#### Source material
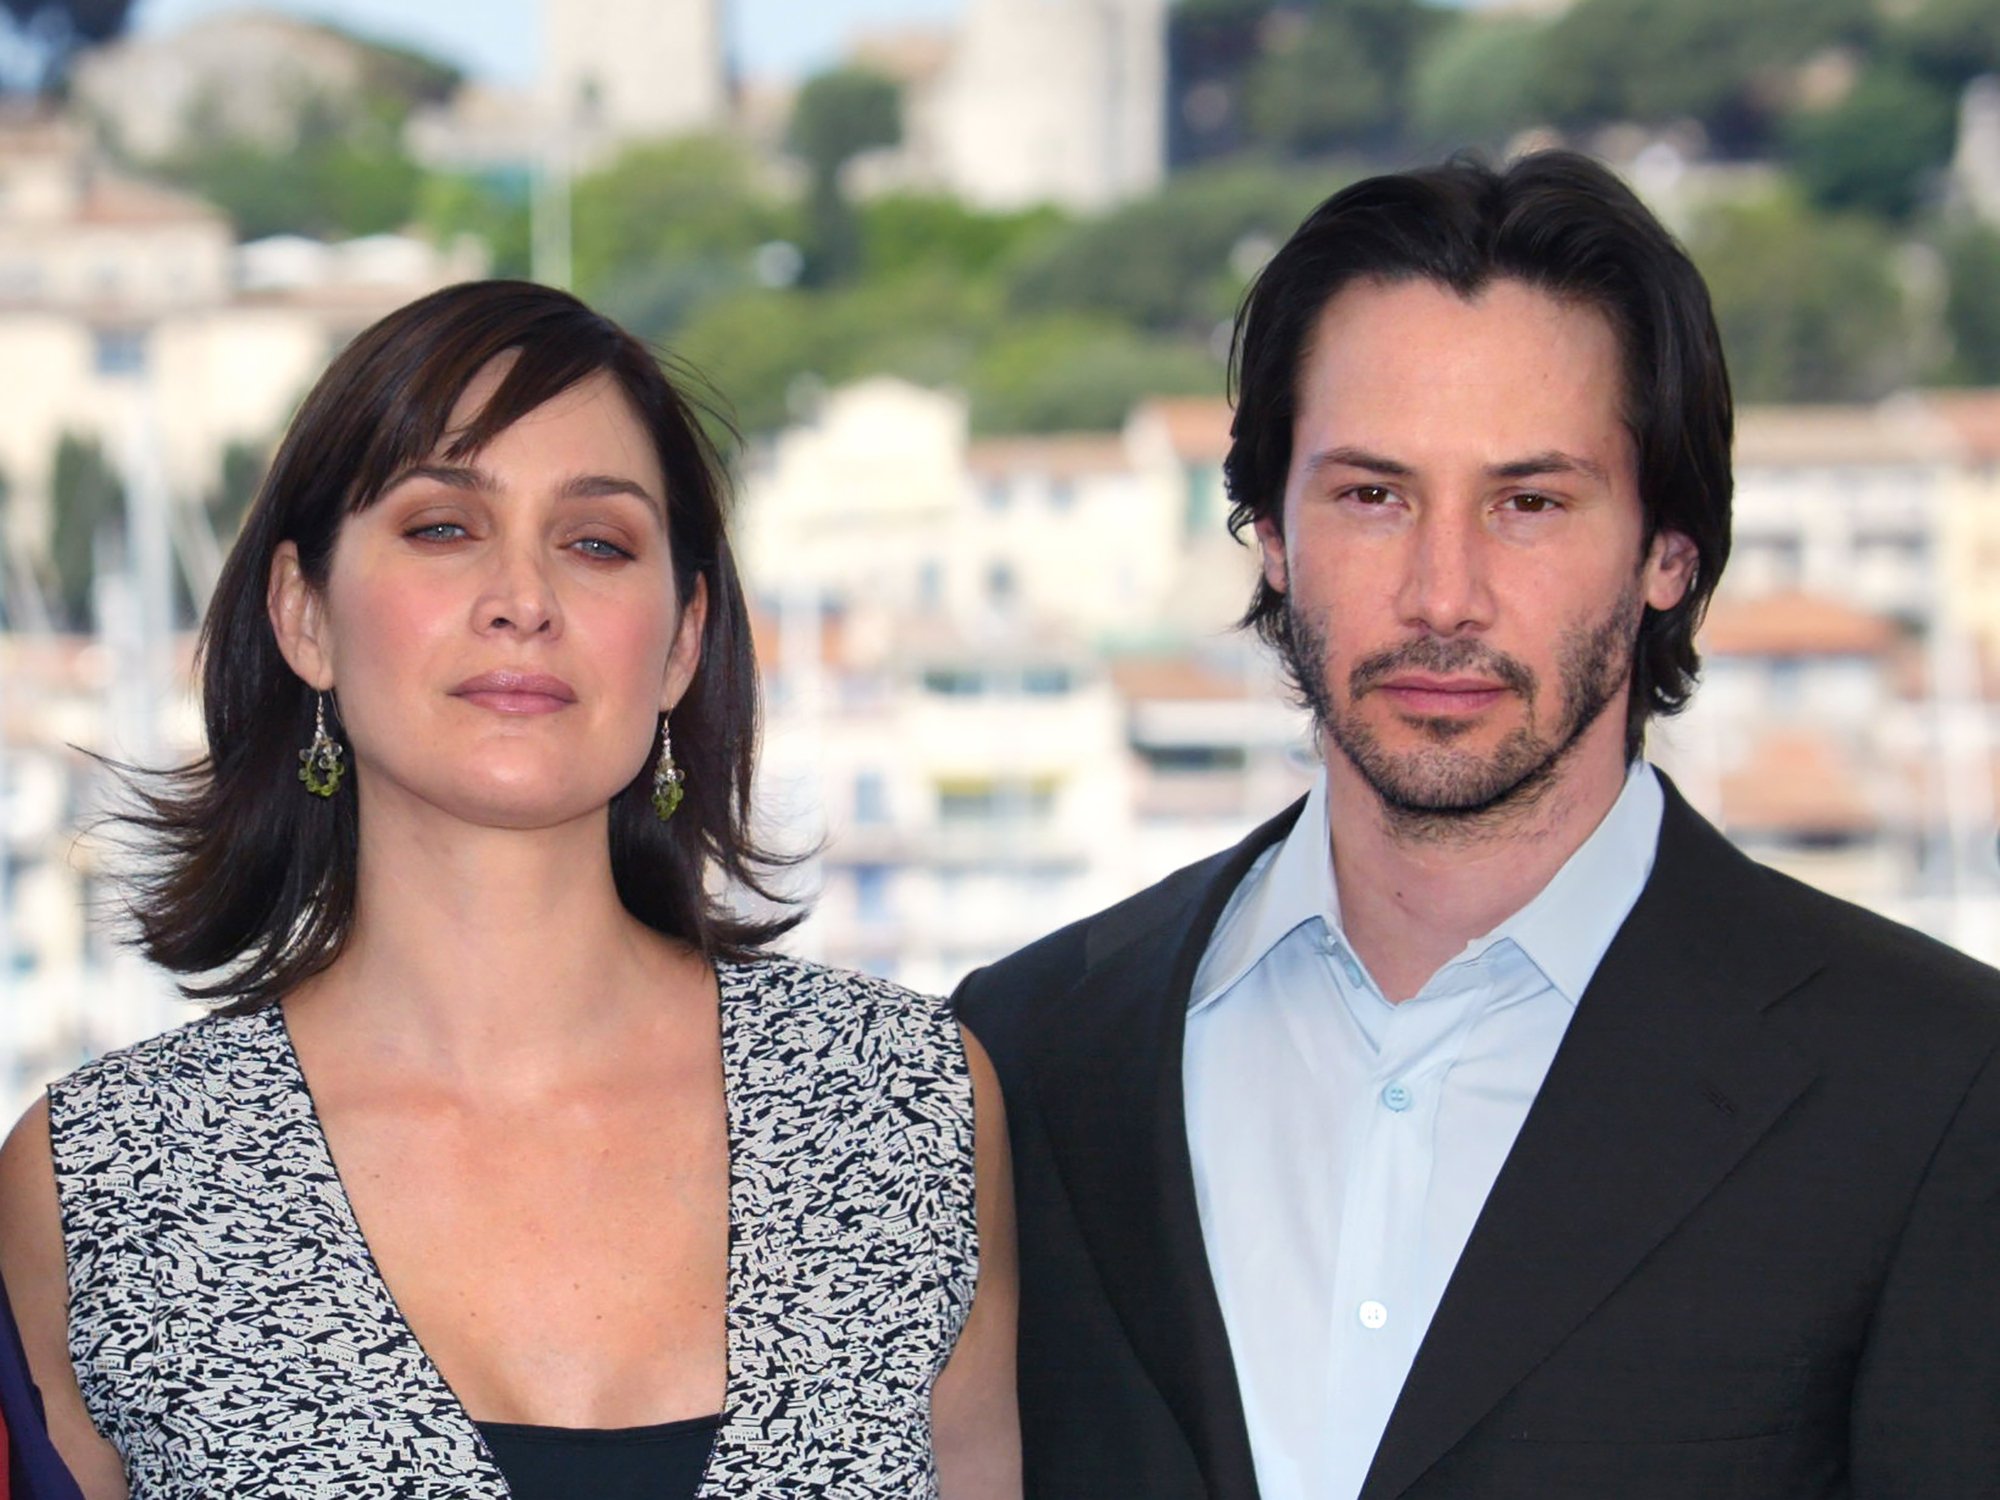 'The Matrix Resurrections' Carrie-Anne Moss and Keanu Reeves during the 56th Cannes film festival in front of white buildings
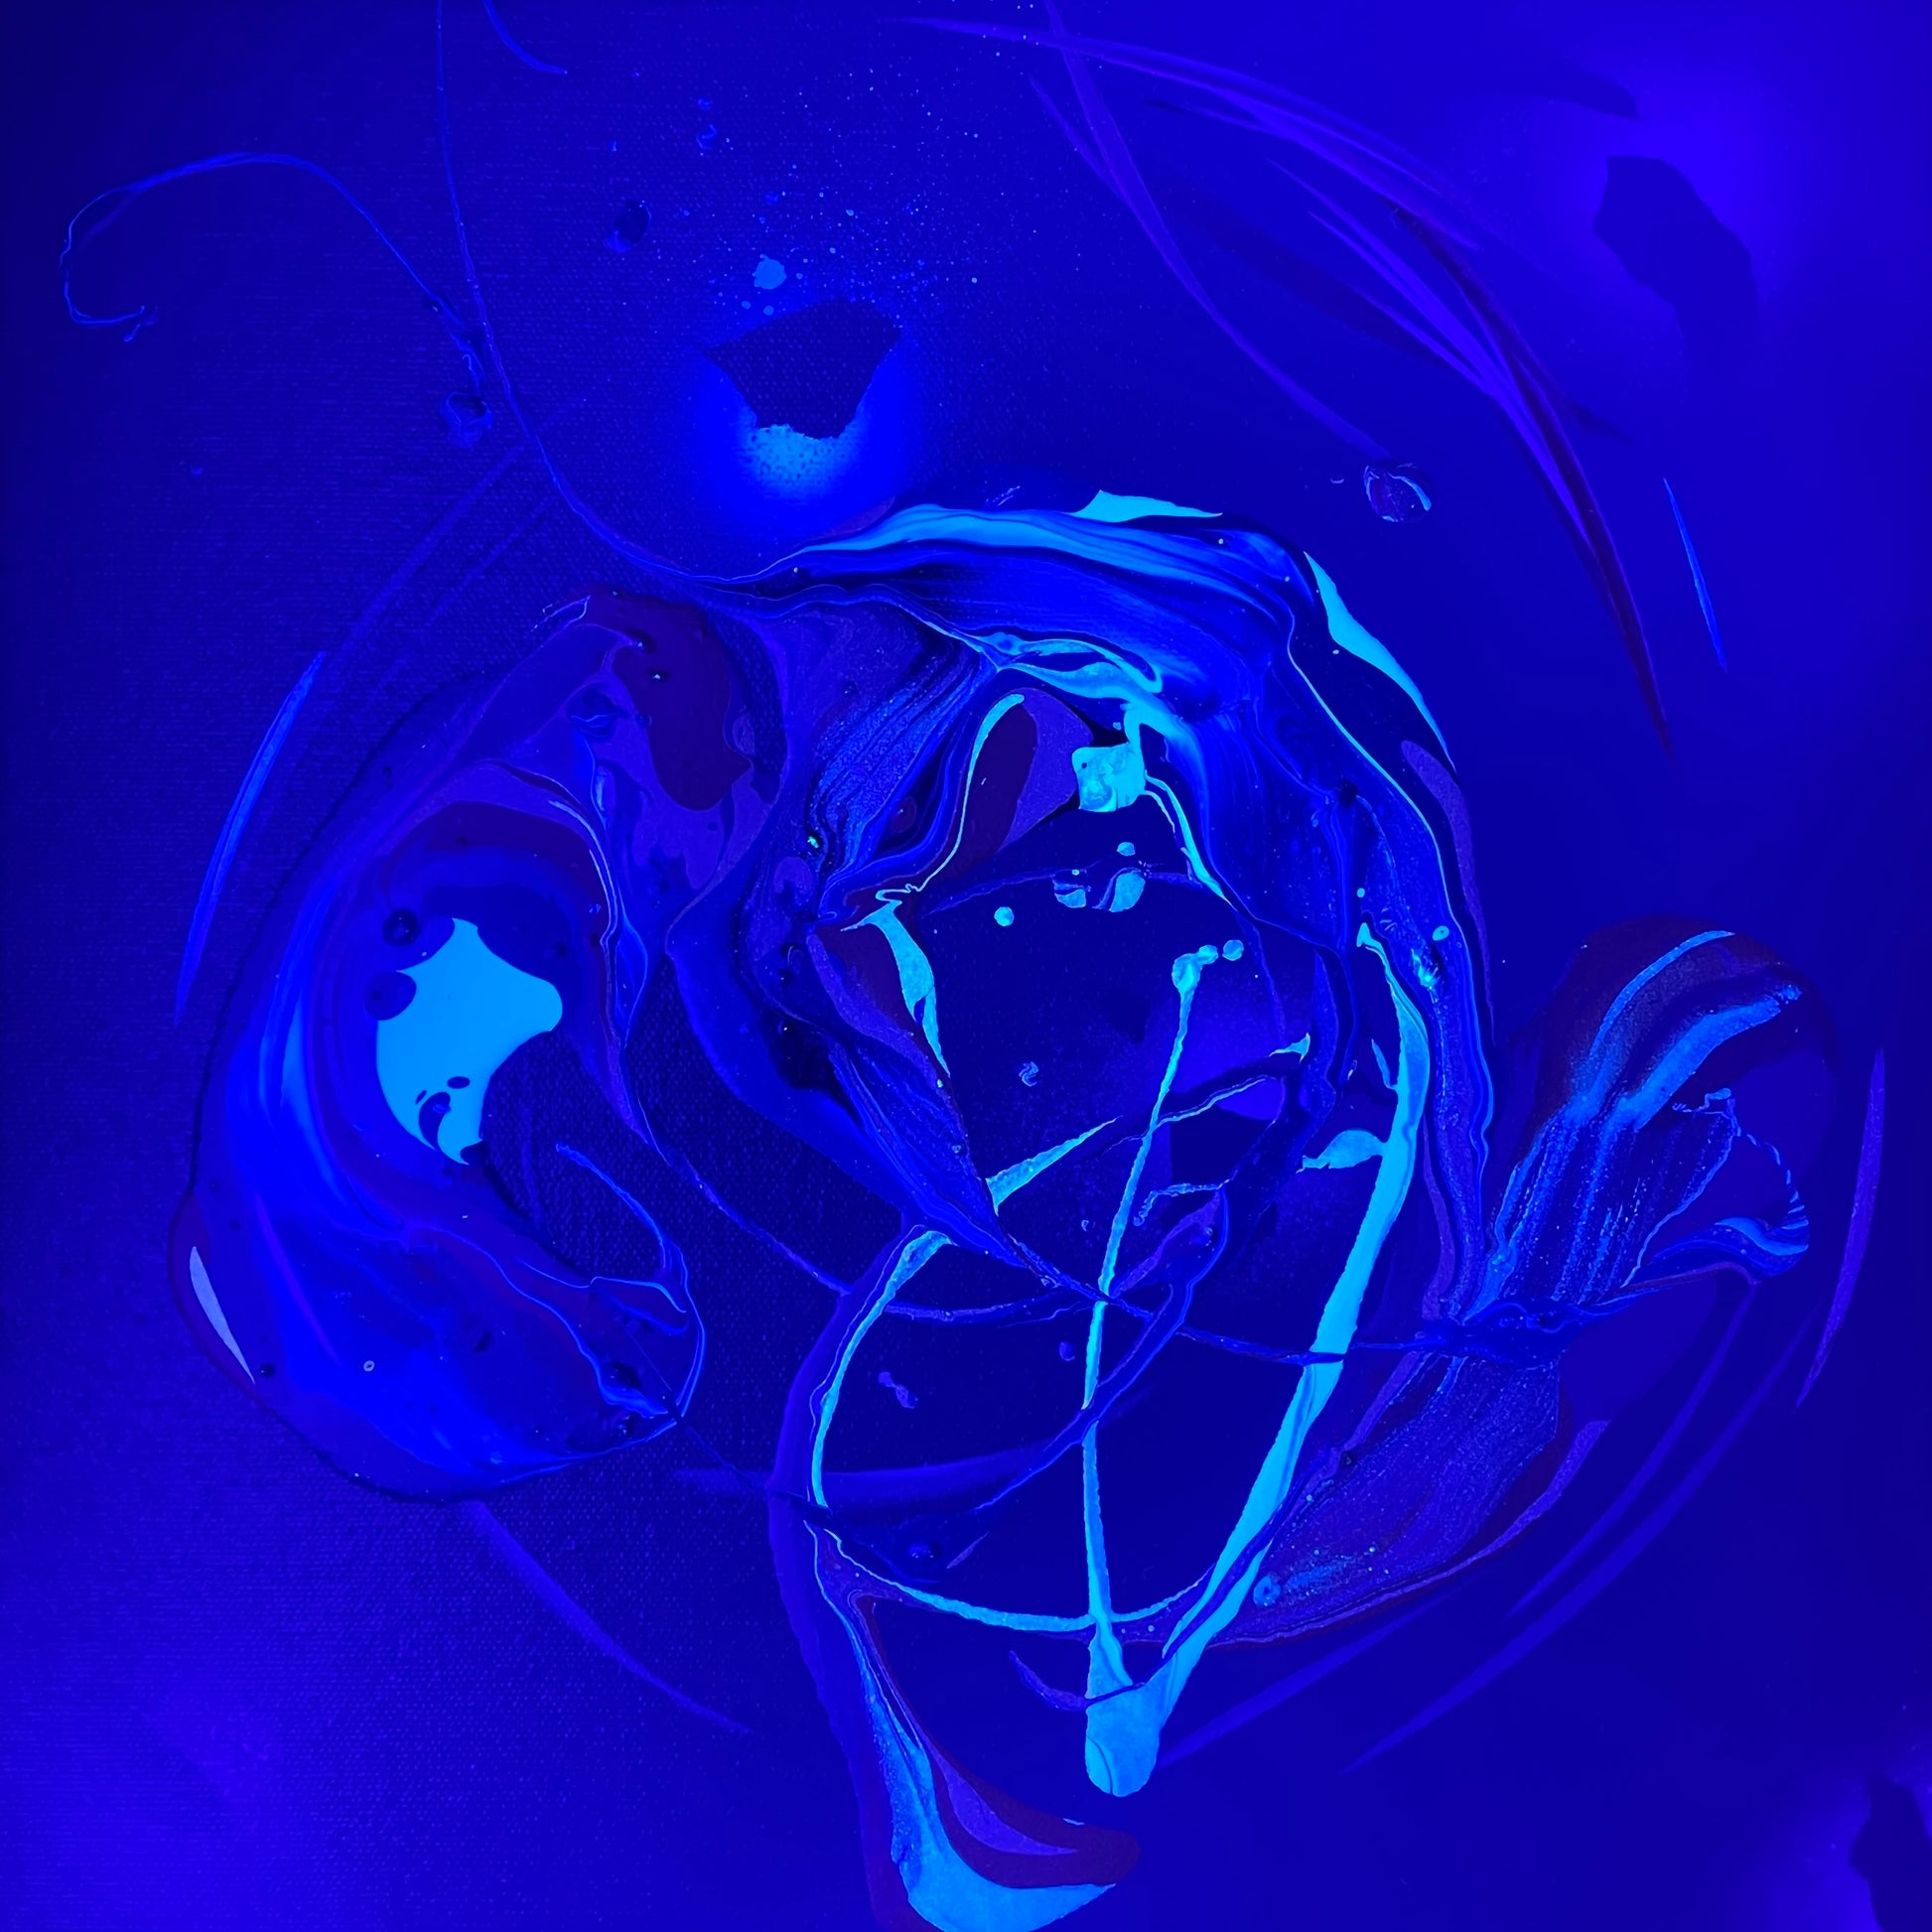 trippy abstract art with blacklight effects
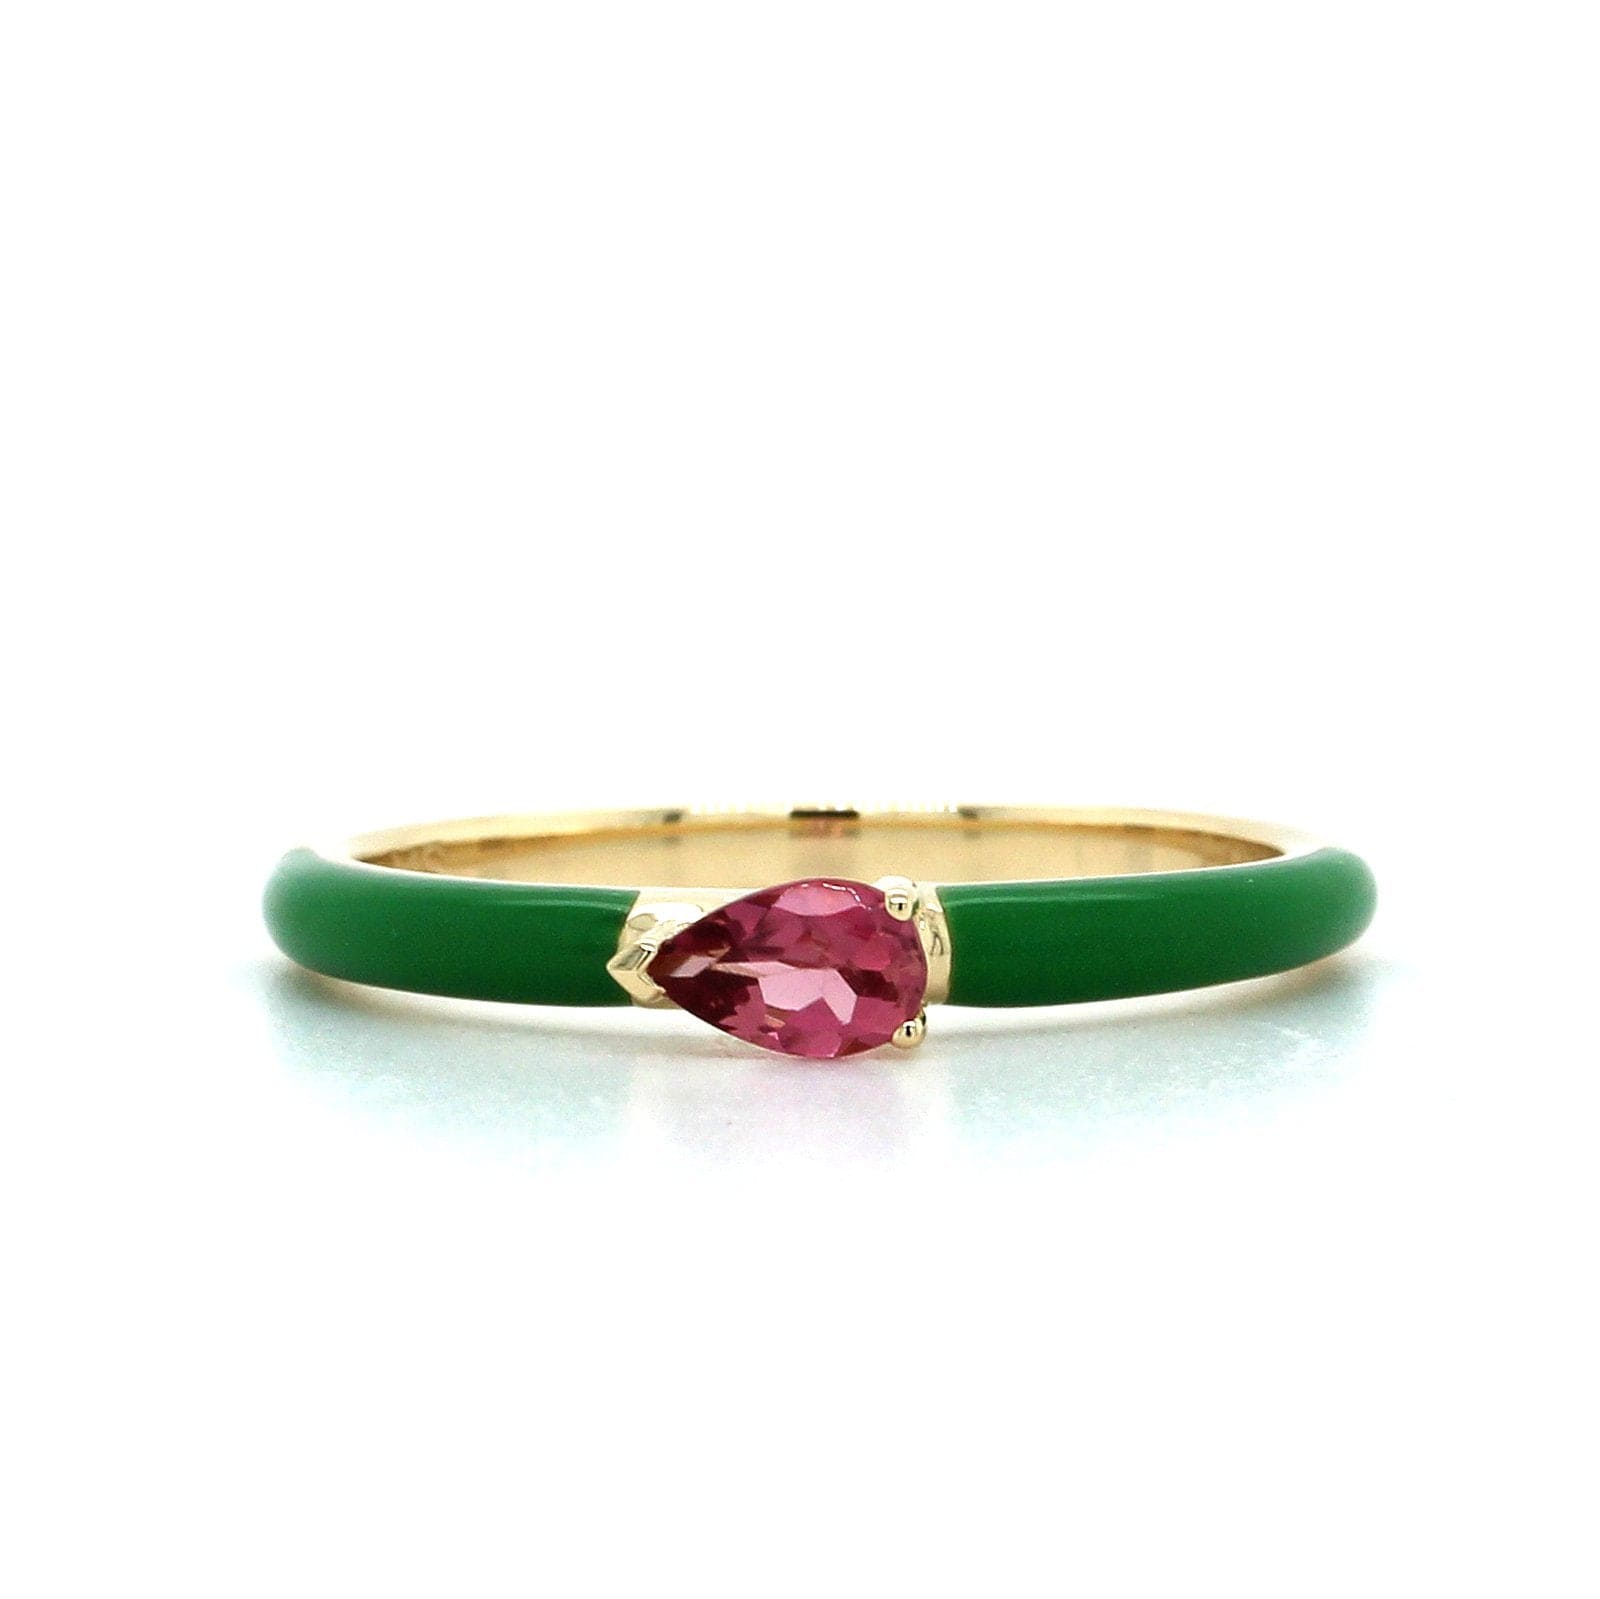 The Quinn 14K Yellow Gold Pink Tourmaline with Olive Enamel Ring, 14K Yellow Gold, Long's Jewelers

#### Assignment
With images left out, the data must be transcribed exactly.

#### Result
 'The Matrix Resurrections' Carrie-Anne Moss and Keanu Reeves during the 56th Cannes film festival in front of white buildings
 trippy abstract art with blacklight effects
 The Quinn 14K Yellow Gold Pink Tourmaline with Olive Enamel Ring, 14K Yellow Gold, Long's Jewelers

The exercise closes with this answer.